0
$\begingroup$

Do there exist theorems of the form: "For every set theory there always exist at least two sets $M$ and $N$ between which there exists bijections and at least one bijection of those bijections cannot be explicitly constructed in that set theory."?

What I mean is, approximately, the following: If we have some set theory then that set theory is determined very much with the set of axioms of that set theory and with its notation.

So this question is really about: Could always $M$ and $N$ and bijections between them be found in concrete set theories but that they are such that, no matter how sophisticated the notation of that concrete set theory is, at least one bijection between $M$ and $N$ cannot be constructed explicitly in that set theory?
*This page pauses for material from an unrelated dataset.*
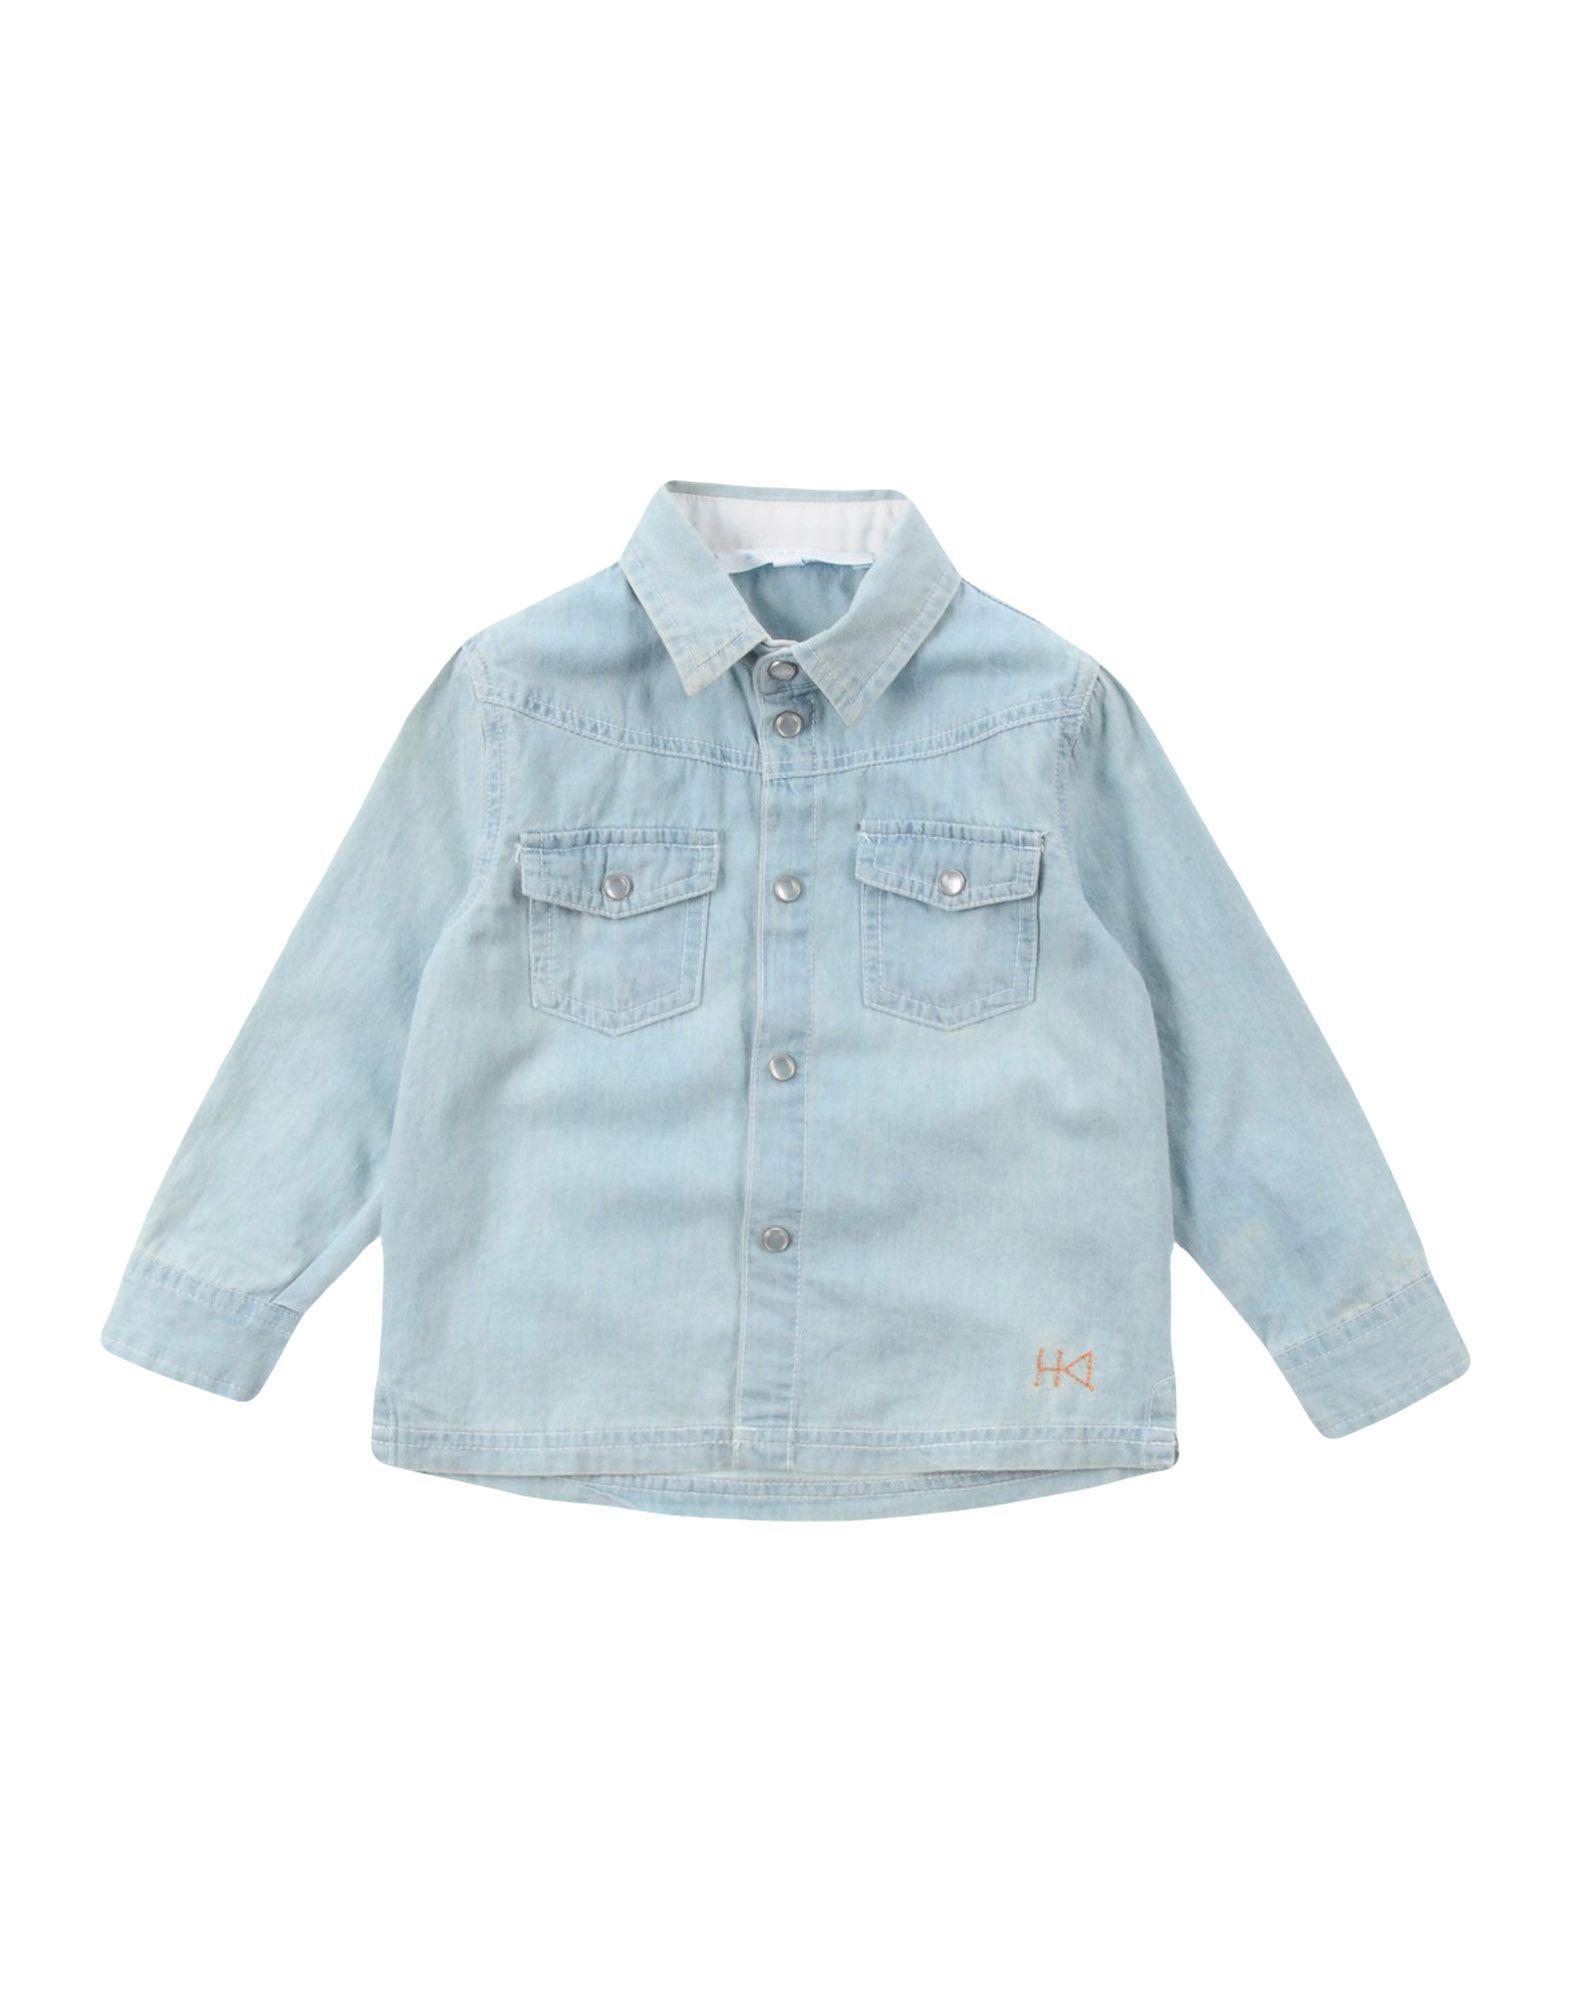 SILVIAN HEACH KIDS Джинсовая рубашка рубашка silvian heach kids рубашка

My expertise in set theory is mostly at the undergraduate level, and I wouldn´t be much surprised if theories dealing with questions like this one are already well-developed and constructed.

So, if you know how to easily explain to me the issues of this question and results of the form mentioned, like you would explain it to an average undergraduate, that would be nice.

$\endgroup$
  • $\begingroup$ That is not true of "every" set theory. You need to further qualify which set theories you mean. Perhaps it works for set theories formulated in first order logic, that has infinite models. $\endgroup$ – Zuhair Al-Johar Nov 4 at 19:30
  • $\begingroup$ An average undergraduate (and many professional mathematicians) might feel that the number of constructible real numbers is countable but the set of real numbers is uncountable. In that case not all bijections $x \mapsto x+r$ from the reals to itself are constructible. As noted below, within the “usual” universe of set theory (whatever that is) one can have a structure within which only things which can be constructed (sets, reals, bijections) exist. Then a bijection from the bigger “usual” universe might not be constructible in that inner constructible universe, but it wouldn’t exist there. $\endgroup$ – Aaron Meyerowitz Nov 4 at 19:52
4
$\begingroup$

The constructible universe is a set-theoretic universe built in a transfinite iterative cumulative hierarchy, in which sets are added to the hierarchy only because they are explicitly definable over what has been constructed earlier.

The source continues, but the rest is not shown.